# Mate from ports w/o policykit



## user00 (May 20, 2019)

Hi all,

I am looking to migrate from severely bugged Linux to FreeBSD and it is critical to have Mate desktop. One of the main irritants under Linux for me is the rougue behaviour of polkitd which has a tendency of pinning the CPU for many hours. I just started Mate configuration in ports and policykit configuration was included. How can I tell the port not to build with policykit?


----------



## abishai (May 20, 2019)

Edit port Makefile that pulls it and remove dependency/pass option to original make script if necessary. If it still builds and works, you may propose port maintainer add port option.


----------



## user00 (May 20, 2019)

Thanks, I will try that a little later today.
Does anybody know why FreeBSD Mate is missing the CPU frequency applet?


----------



## user00 (May 20, 2019)

Even after building applets from ports, where frequency scaling applet exists, it is still not in the list...

OMG! Building applets from ports... each applet builds documentation in 50 different languages... Who thought it was a good idea to build all documentation in all languages and making this a mandatory step??? Seriously!


----------



## SirDice (May 21, 2019)

user00 said:


> How can I tell the port not to build with policykit?

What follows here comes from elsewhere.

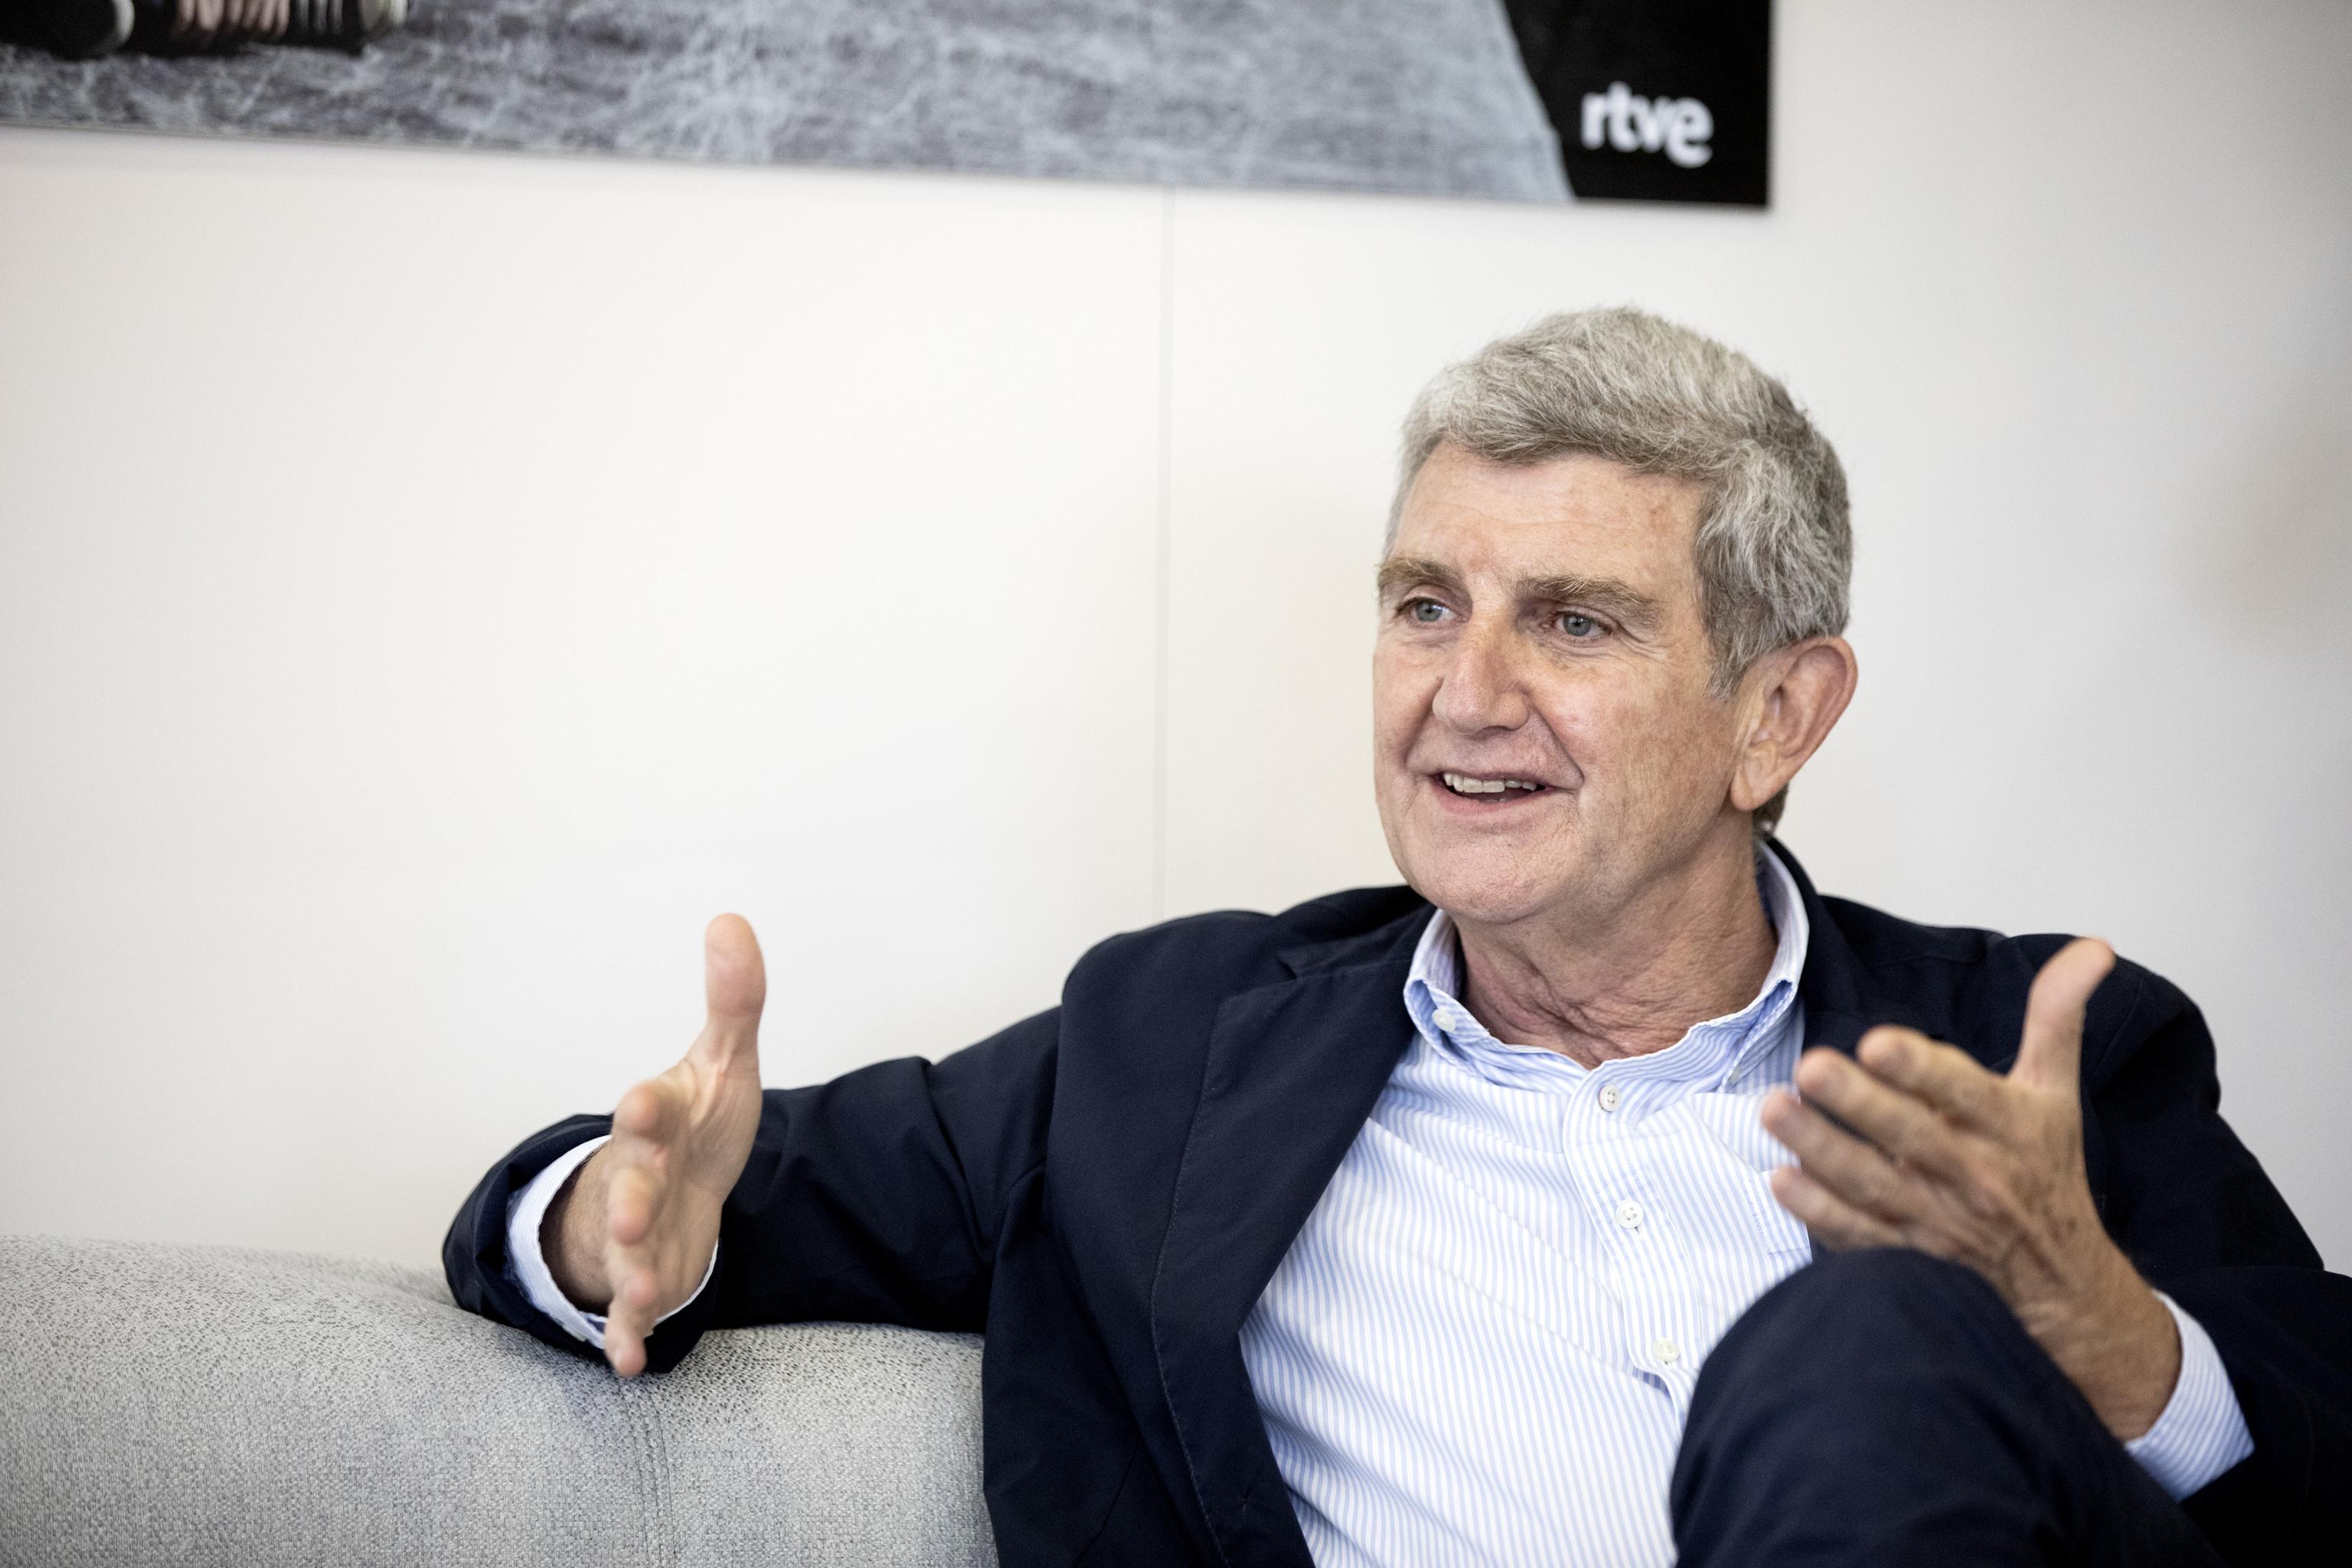 El presidente de la corporacion RTVE Jose Manuel Perez Tornero.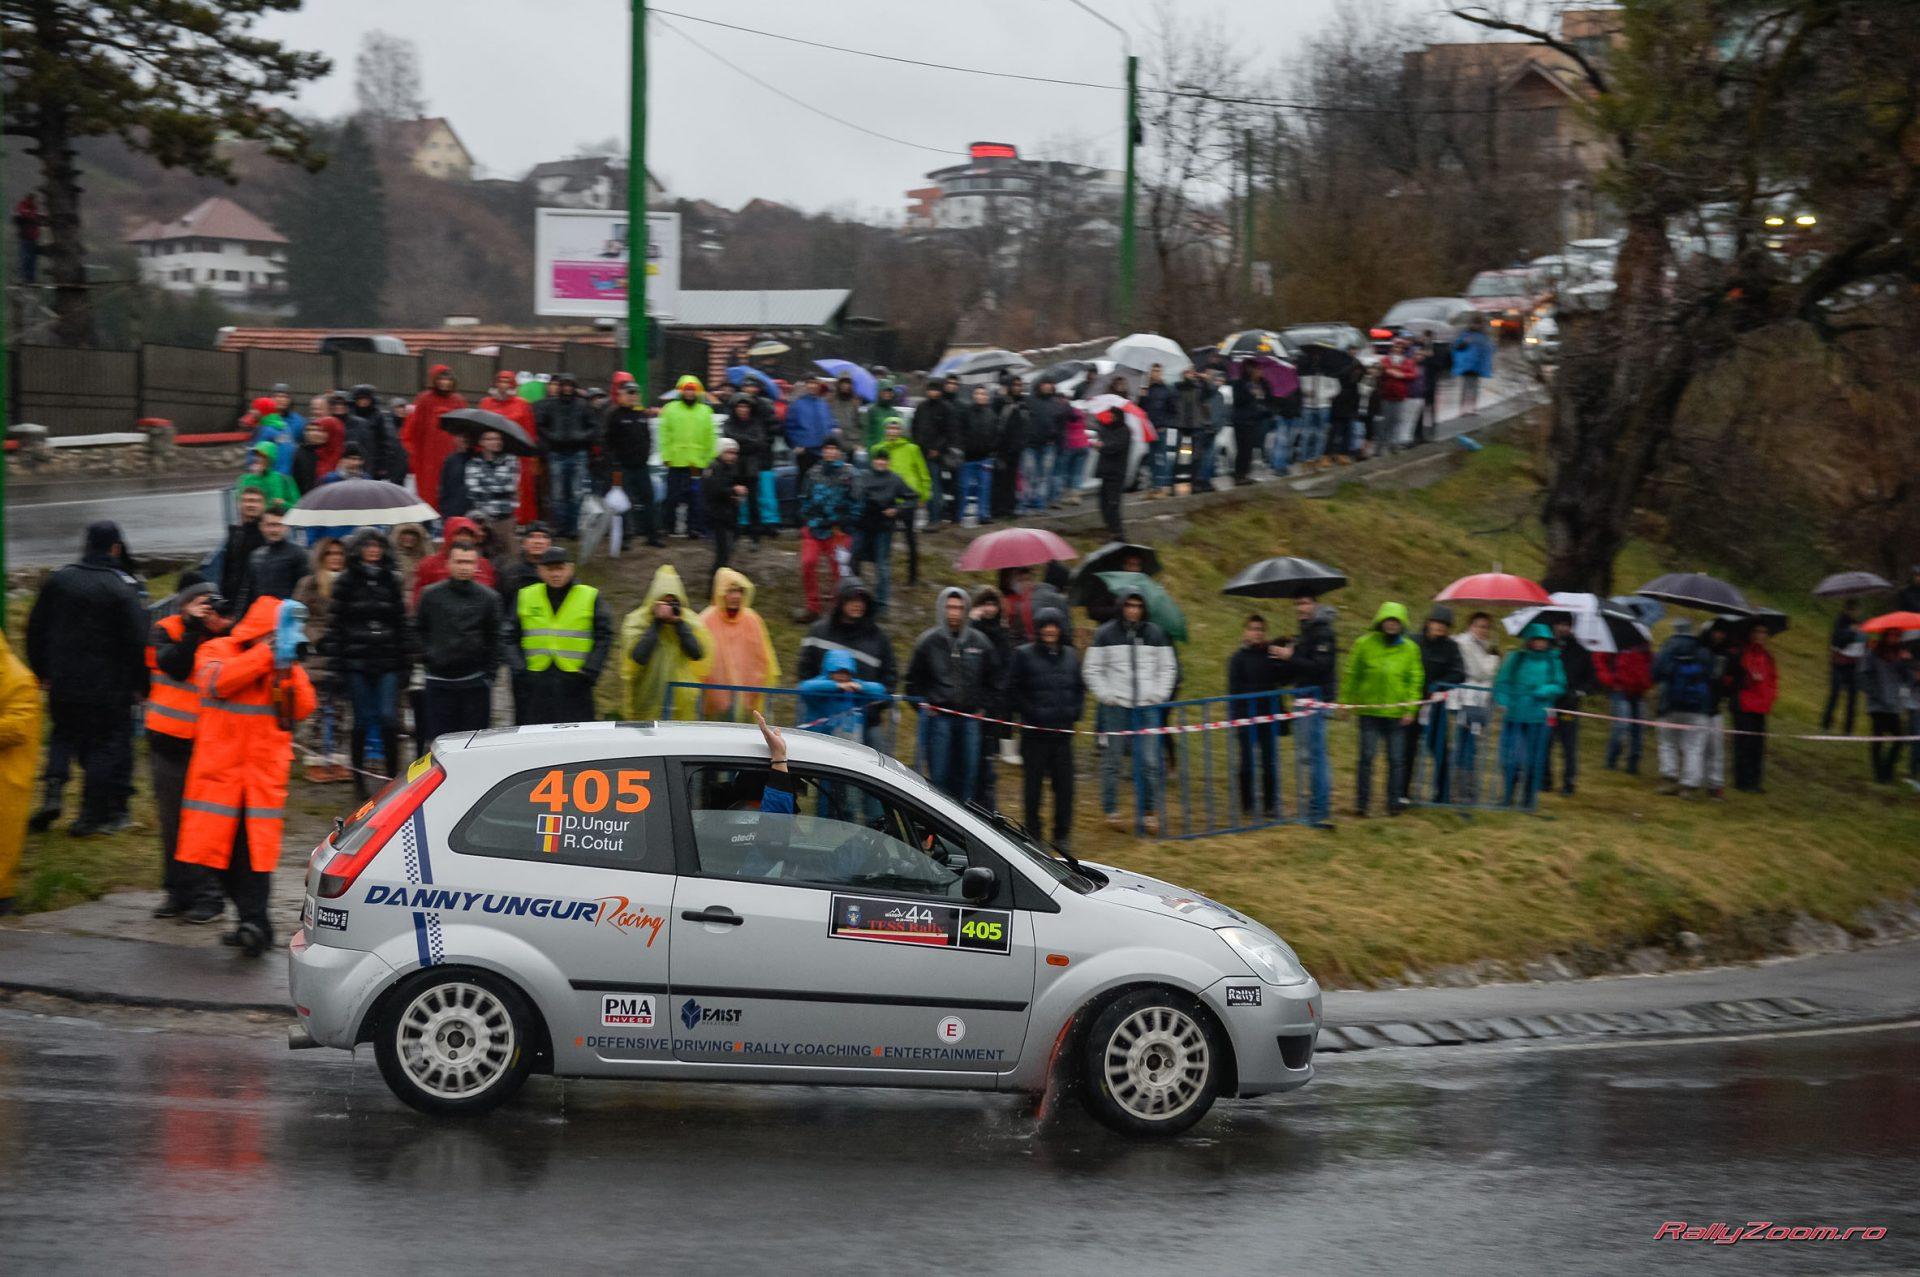 La Raliul Brasovului, Danny Ungur Racing a parcurs o noua etapa de Rally Coaching

As far as I know it's an integral part of MATE. I very much doubt MATE will remain functional if you manage to remove it.


----------



## user00 (May 22, 2019)

That would be extremely unfortunate as all systemd related stuff including polkitd are highly suspected of being thinly veiled backdoors and are severely bugged where it stands right now. At least Gentoo claims that it builds w/o systemd and polkitd, so it should be possible.


----------



## SirDice (May 22, 2019)

user00 said:


> That would be extremely unfortunate as all systemd related stuff including polkitd


Polkit is not a systemd component or related to it. Systemd uses D-BUS messages to ask polkit if a user or process is authorized or not.


----------